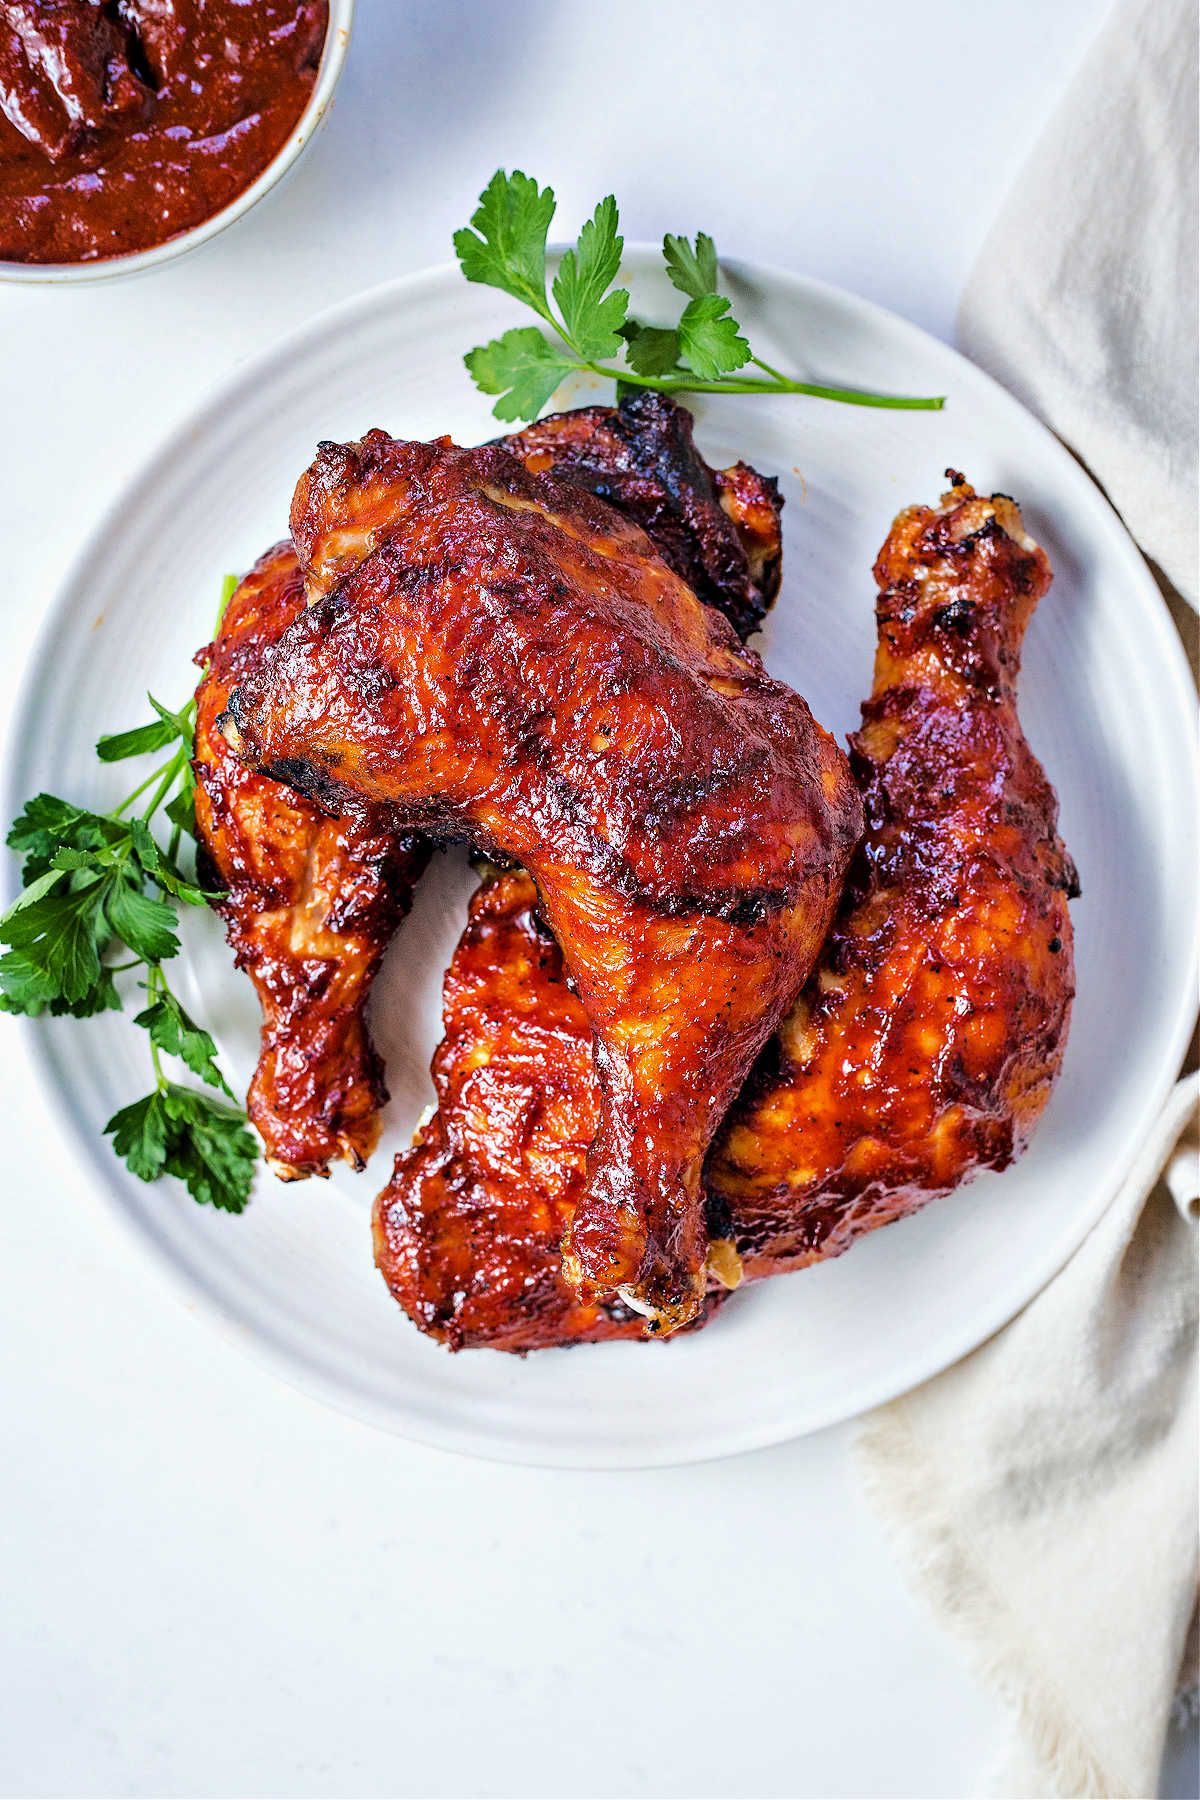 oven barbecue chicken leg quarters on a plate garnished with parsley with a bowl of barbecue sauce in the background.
---
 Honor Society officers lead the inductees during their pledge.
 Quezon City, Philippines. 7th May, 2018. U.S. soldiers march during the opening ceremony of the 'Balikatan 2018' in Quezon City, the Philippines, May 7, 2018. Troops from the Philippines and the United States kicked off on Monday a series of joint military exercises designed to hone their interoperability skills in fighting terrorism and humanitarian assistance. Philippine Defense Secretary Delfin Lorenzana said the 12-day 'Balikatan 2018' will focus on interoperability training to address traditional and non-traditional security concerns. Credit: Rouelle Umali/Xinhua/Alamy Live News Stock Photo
* * *
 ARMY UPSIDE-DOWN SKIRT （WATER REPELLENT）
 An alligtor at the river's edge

▸ **TASK OBJECTIVE**:
Would you please repeat exactly the lines above, starting at the line with "ARMY UPSIDE-DOWN SKIRT （WATER REPELLENT）" and stopping at the line with "An alligtor at the river's edge", both included?

▸ **SOLVED PROBLEM**:
 ARMY UPSIDE-DOWN SKIRT （WATER REPELLENT）
 An alligtor at the river's edge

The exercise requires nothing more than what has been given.